How blind is the Obama administration to the global threat of Islamic terrorism? The recent terror alert, which was precipitated by a conference call between 20 different al-Qaeda offshoots, along with the rise of jihadism in North Africa shows just how extensive these terrorist networks have become despite all the effort we've made to attack and cripple them.

Authorities sifting through the rubble of the Algerian gas plant attack from last year have made some troubling connections between those North African terrorists and those who attacked our diplomats in Benghazi.

Reuters:

Inquiries into the bloody assault on an Algerian gas plant are uncovering increasing evidence of contacts between the assailants and the jihadis involved in killing the U.S. ambassador to Libya nearly a year ago.

"And now the environment throughout the Maghreb has become conducive to expansion as well," said Tankel, who is writing a book on how jihadis adapted after the Sept 11, 2001 attacks on the United States.

The extent of the contacts between the militants is still unclear and nobody is sure there was a direct link between the attack on the U.S. consulate in Benghazi and the carnage at In Amenas, where 39 foreign hostages were killed in January.

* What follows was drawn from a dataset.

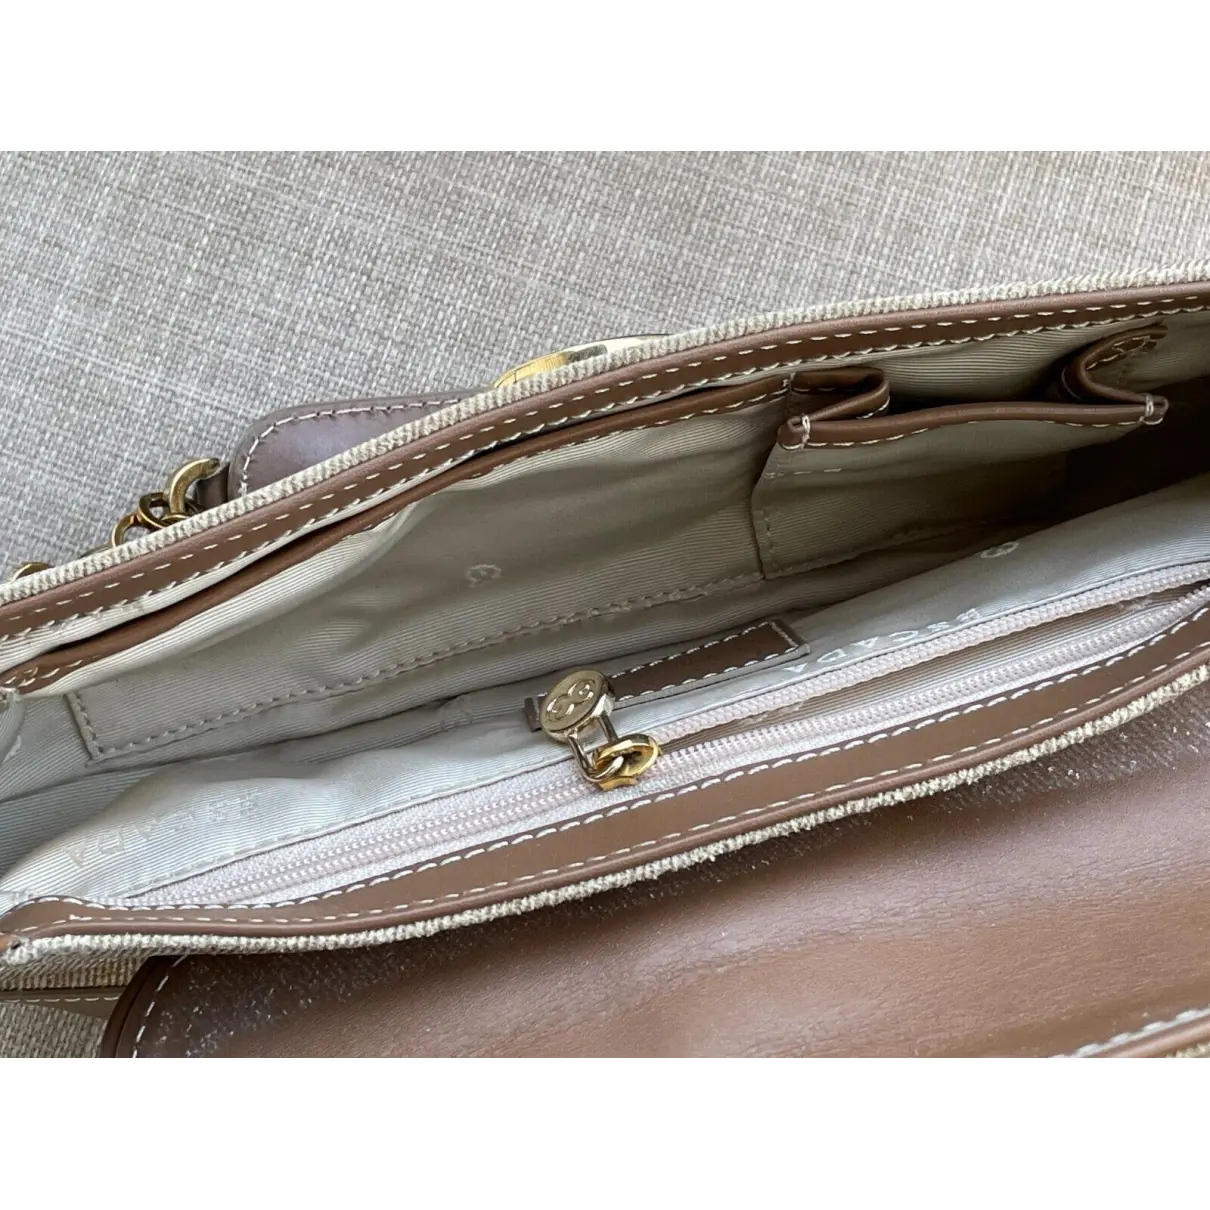 Buy Escada Leather handbag online

But the findings, according to three sources with separate knowledge of U.S. investigations, shed some light on the connections between Al Qaeda affiliates stretching ever further across North and West Africa.

The lack of detail, meanwhile, highlights the paucity of intelligence on jihadis whose rise has been fuelled by the 2011 Arab uprisings and who have shown ready to strike scattered Western targets including mines and energy installations.

That makes the region an even greater worry for Western countries at a time of heightened security over the threat of more al Qaeda attacks in the Middle East and North Africa.

At the center of the web is Al Qaeda in the Islamic Maghreb (AQIM), which has expanded far from its Algerian birthplace and now has links to other jihadi groups in Maghreb countries, including Tunisia and Libya. Their shared ideology combines with other, often financial, interests.

"Its leaders are survivors; they are opportunists," said Stephen Tankel, an Assistant Professor at American University in Washington.

Apparently, we've been nearly asleep at the wheel while these sophisticated networks have been developing in a strategically important part of the world.  And the bottom line is that they seem to be growing stronger while we become relatively weaker.

Not a recipe for success or even progress.